Flag calls are: __API_FLAG_LINKS__

=head2 Size of the export

To get the size of the export in bytes, use L<nbd_get_size(3)>:

 int64_t size = nbd_get_size (nbd);

=head2 Block size constraints

Some NBD servers cannot handle requests at any byte boundary.  They
might, for example, require all requests to be aligned to 512 byte
sectors.

Also some servers advertise a preferred block size.  This is not a
requirement, but is the minimum block size that can be accessed
efficiently (usually without triggering expensive read-modify-write
cycles inside the server).

These are referred to as block size constraints and can be queried by
calling L<nbd_get_block_size(3)>.  Pay attention in particular to the
C<LIBNBD_SIZE_MINIMUM> constraint as some servers will fail requests
which are smaller or not aligned to this block size with C<EINVAL>
("Invalid argument") errors.

=head1 DATA COMMANDS

You can read and write data from the NBD server using L<nbd_pread(3)>
and L<nbd_pwrite(3)> or their asynchronous equivalents.

All data commands support a C<flags> argument (mandatory in C, but
optional in languages where it can default to 0).  For convenience,
the constant C<LIBNBD_CMD_FLAG_MASK> is defined with the set of flags
currently recognized by libnbd, where future NBD protocol extensions
may result in additional flags being supported; but in general,
specific data commands only accept a subset of known flags.
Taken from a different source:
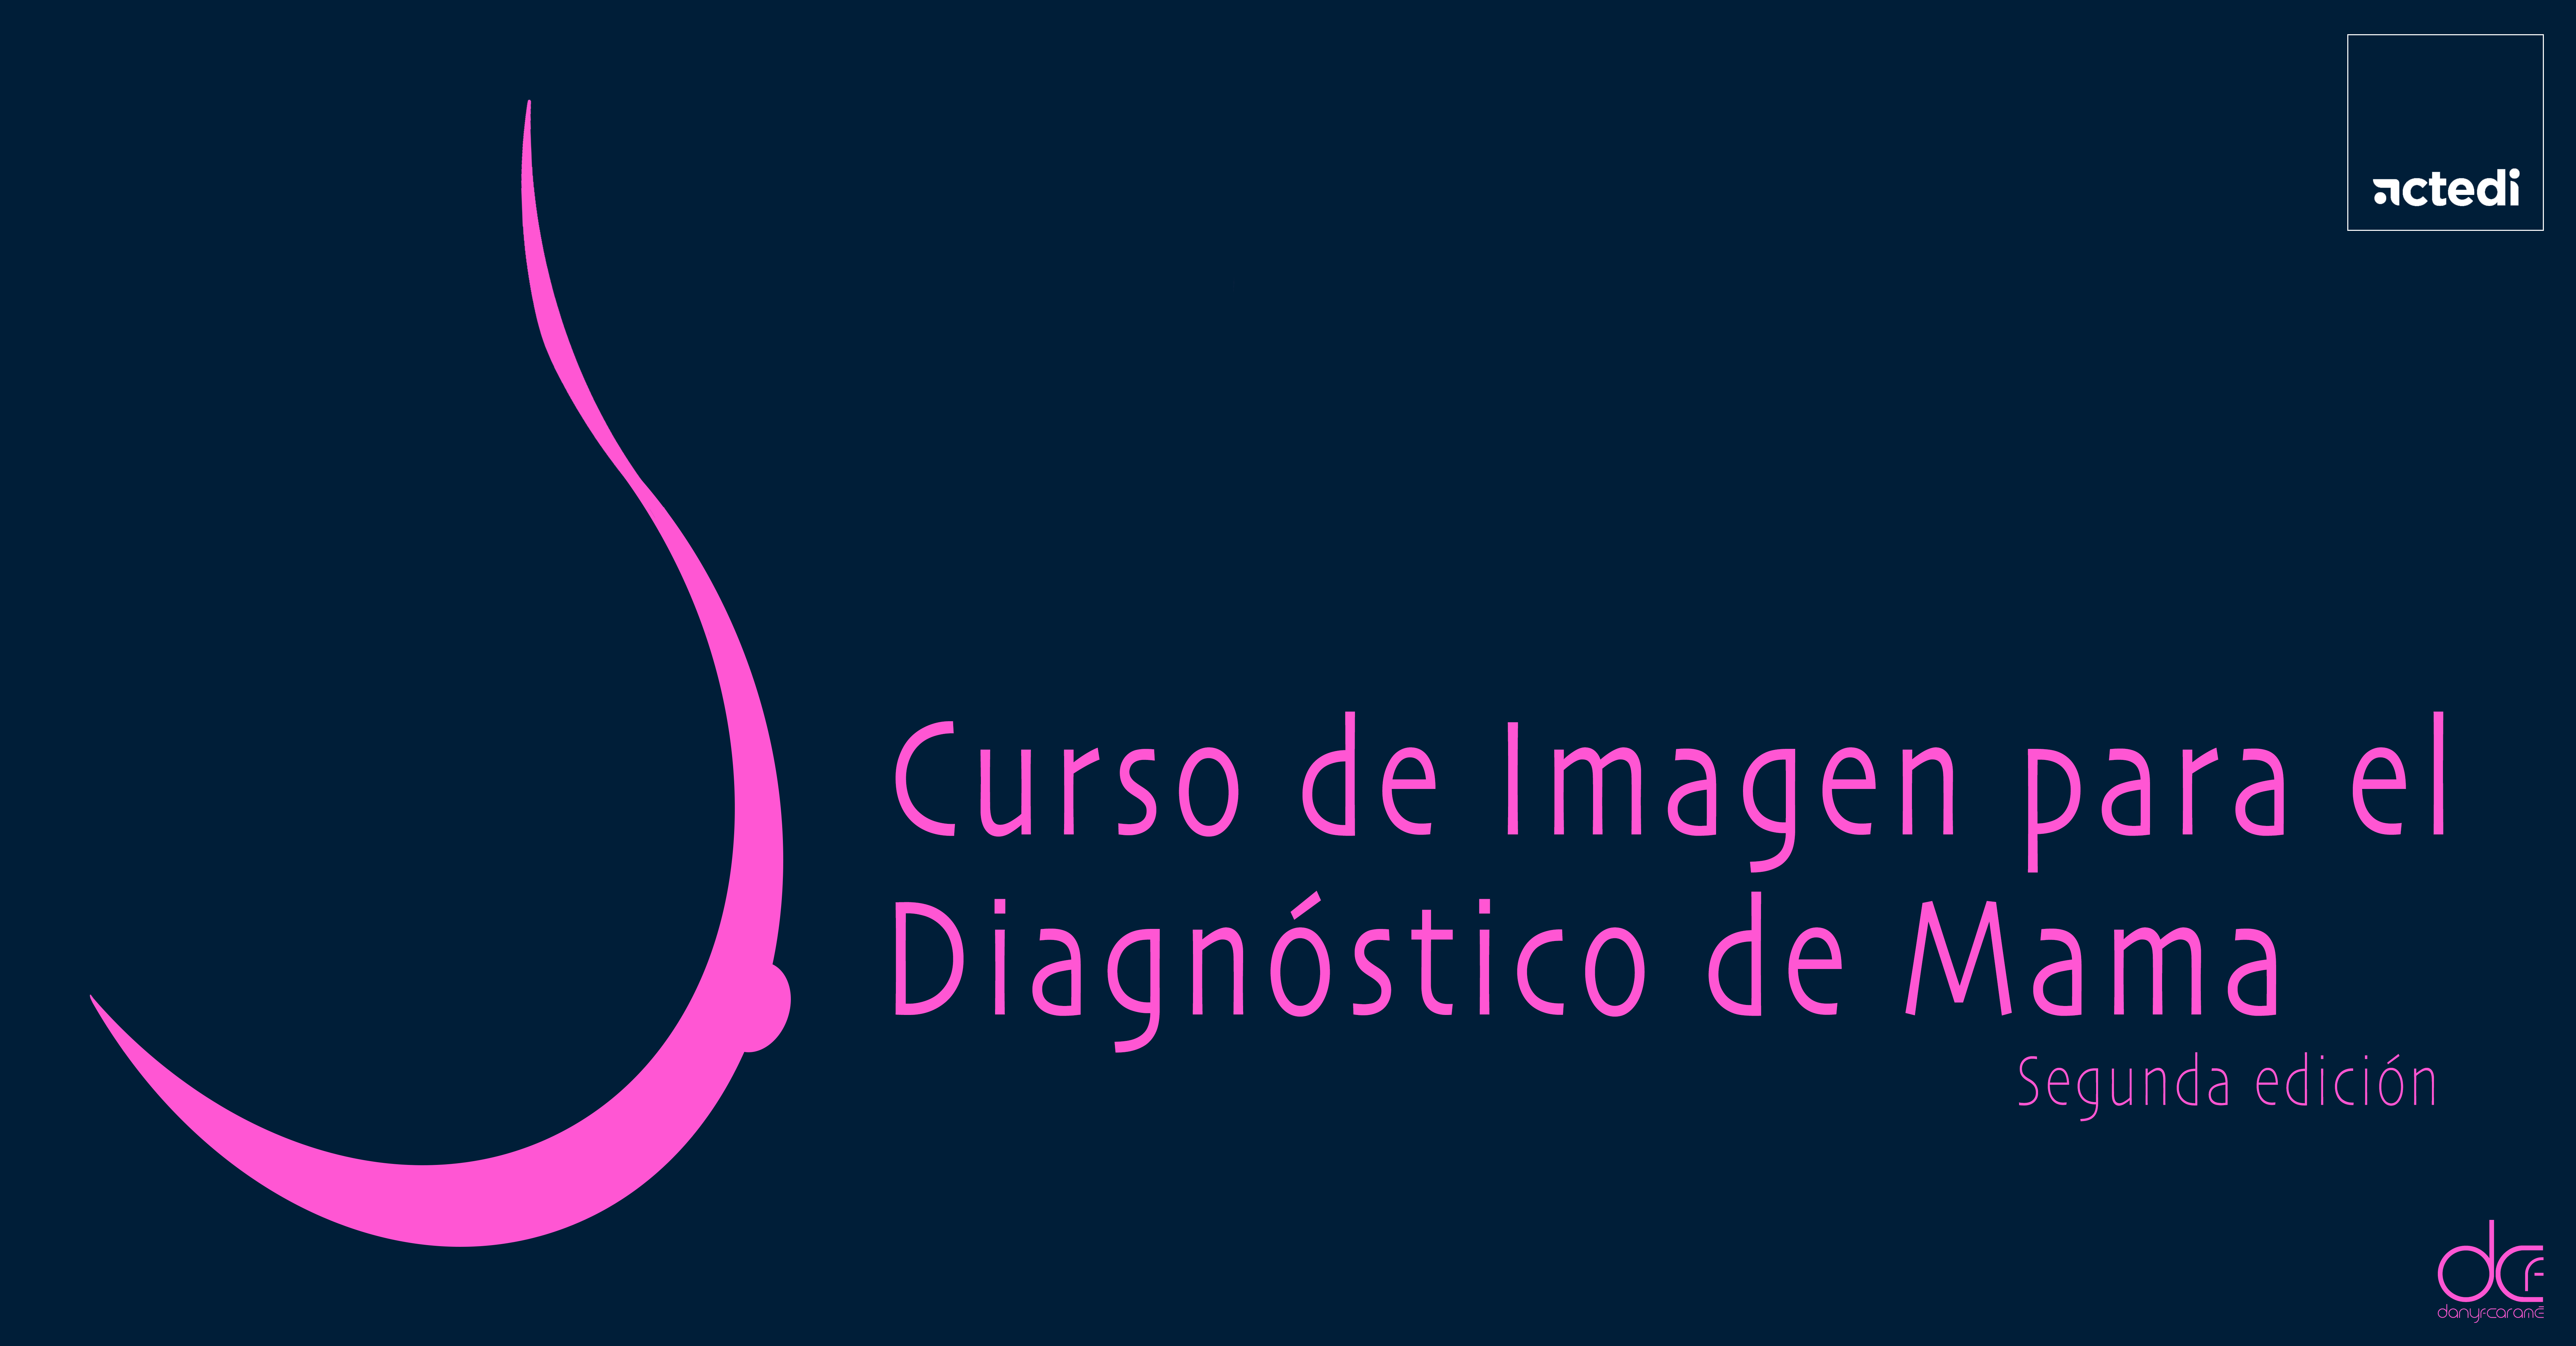 2022 - Curso de Imagen para el Diagnóstico de Mama. 2ª edición. 25 plazas.

Libnbd defaults to performing some client-side sanity checking in each
of its data commands; for example, attempts to write to a server that
has advertised a read-only connection are rejected.  It is possible to
override aspects of this checking by using L<nbd_set_strict_mode(3)>.

Some servers also support:

=over 4

=item trim/discard

If L<nbd_can_trim(3)> returns true, L<nbd_trim(3)> can be used to “punch
holes” in the backing storage of the disk on the server.  Normally
(although not in every case) the holes read back as zeroes but take up
no space.

=item zeroing

If L<nbd_can_zero(3)> returns true, L<nbd_zero(3)> can be used to
efficiently zero parts of the disk without having to send large
amounts of zero bytes over the network (as would be necessary if using
L<nbd_pwrite(3)>).

This is slightly different from trimming because the backing storage
is still allocated.  For some storage types this can make future
writes more efficient and/or less likely to fail because of out of
space errors.

=item flushing

Some servers can commit data to permanent storage and tell you that
this has happened reliably.  There are two export flags associated
with this: L<nbd_can_flush(3)> and L<nbd_can_fua(3)>.

The L<nbd_flush(3)> call (available if L<nbd_can_flush(3)> returns true)
flushes all pending writes to disk and does not complete until that
operation has finished.  It is similar to using L<sync(2)> on POSIX
systems.

A more efficient way to achieve this is to set the flag
C<LIBNBD_CMD_FLAG_FUA> on write-like calls (like write, trim and
zero).  This flag means the call will not complete until committed to
permanent storage, but it does not involve flushing the entire disk.

=item prefetching

Some servers can prefetch data, making subsequent reads faster.  The
L<nbd_cache(3)> call (available if L<nbd_can_cache(3)> returns true) is used
to prefetch.

=item block status

Some servers are able to provide information about the various extents
within the image, via the notion of one or more meta contexts.  The
most common meta context is "base:allocation" (available in libnbd.h
as C<LIBNBD_CONTEXT_BASE_ALLOCATION>), which can be used to learn
which portions of a file are allocated or read as zero.  Other
contexts may be available; for example, L<qemu-nbd(8)> can expose a
meta context "qemu:dirty-bitmap:NAME" for tracking which portions of a
file are tracked by a qcow2 dirty bitmap.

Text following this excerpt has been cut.